Contributions et taxes fiscales - respect de la règle du pro rata non démontré - annulation recouvrement

CAA de BORDEAUX

N° 17BX02664

Inédit au recueil Lebon

3ème chambre

M. DE MALAFOSSE, président

M. Laurent POUGET L., rapporteur

Mme DE PAZ, rapporteur public

CABINET SIRIEZ - ADVEO AVOCATS, avocat(s)

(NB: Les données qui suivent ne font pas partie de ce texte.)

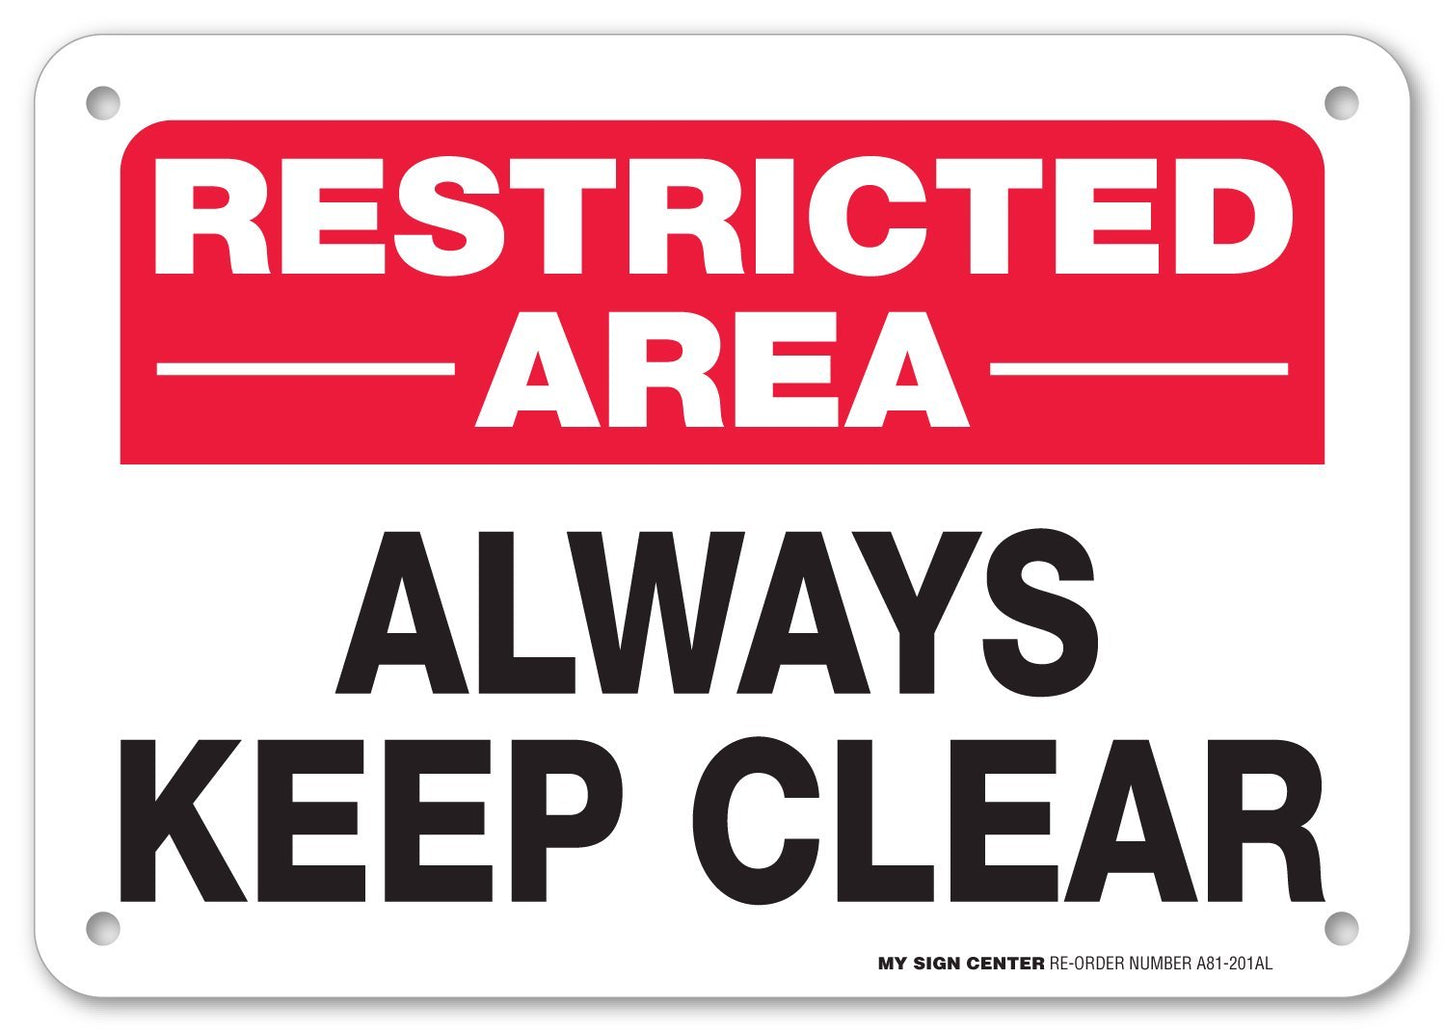 Restricted Area Always Keep Clear No Trespassing Sign by My Sign Center
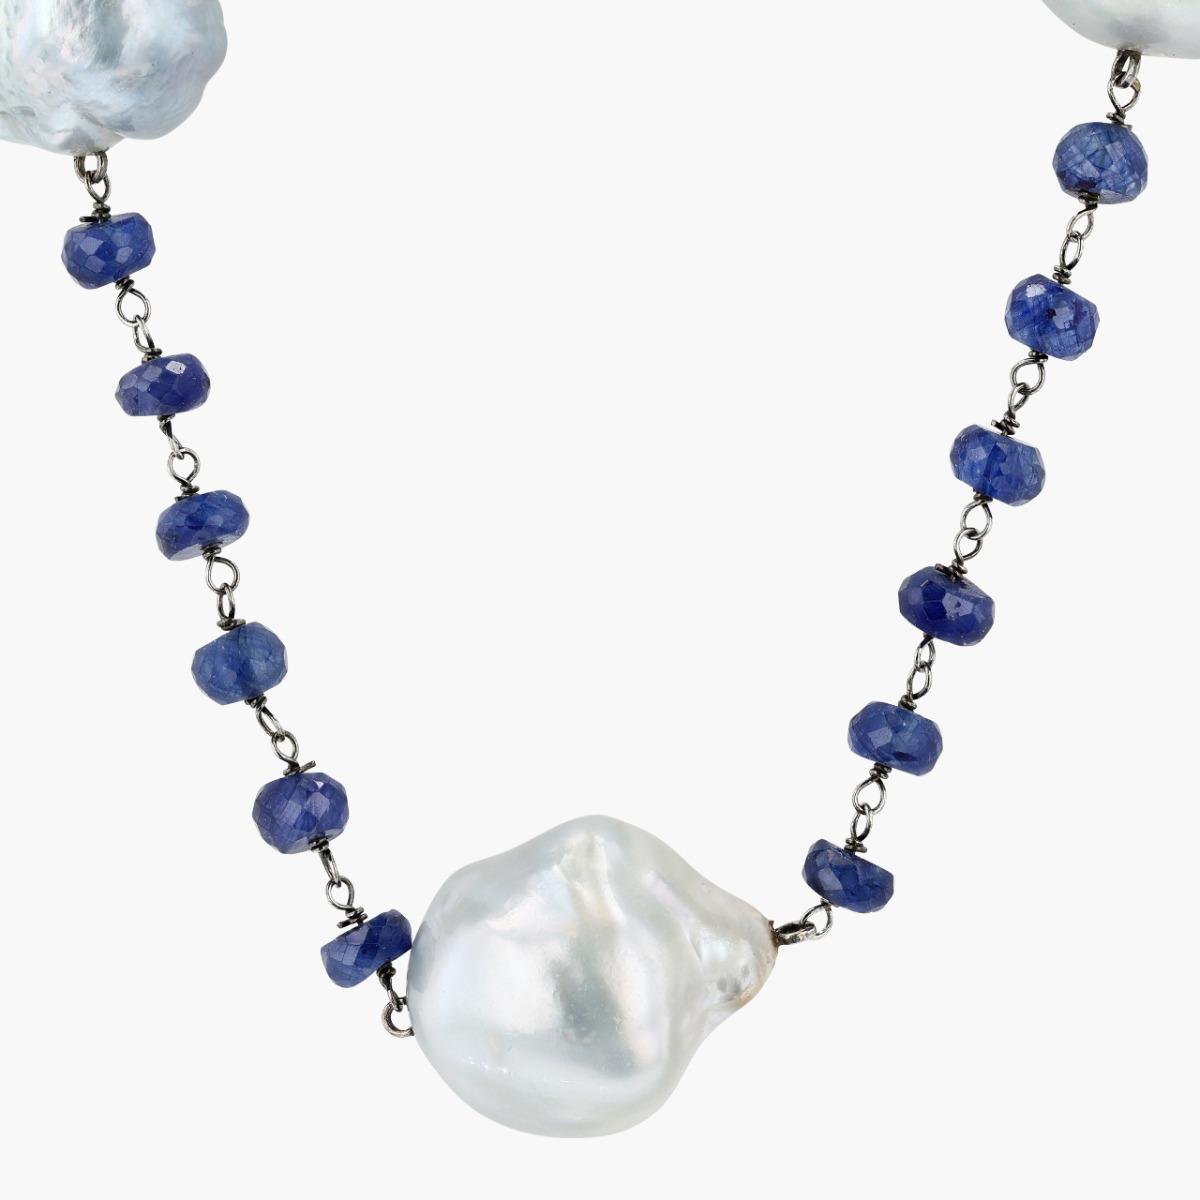 18K White Gold, South Sea Baroque Pearls And Sapphire Beads Necklace

lecture du jeudi 25 juillet 2019

REPUBLIQUE FRANCAISE

AU NOM DU PEUPLE FRANCAIS

Vu la procédure suivante :

Procédure antérieure :

La société Trans Loc Aquitaine a demandé au tribunal administratif de Bordeaux de prononcer, d’une part, la décharge des rappels de taxe sur la valeur ajoutée ainsi que les majorations correspondantes qui lui ont été réclamés au titre de la période de janvier 2006 à décembre 2011, d’un montant de 3 263 euros, et, d’autre part, la décharge des cotisations supplémentaires d’impôt sur les sociétés et des majorations correspondantes qui lui ont été assignées au titre de période de janvier 2006 à décembre 2010 au titre de la solidarité financière des donneurs d’ordres en matière de travail dissimulé, pour un montant de 4 954 euros.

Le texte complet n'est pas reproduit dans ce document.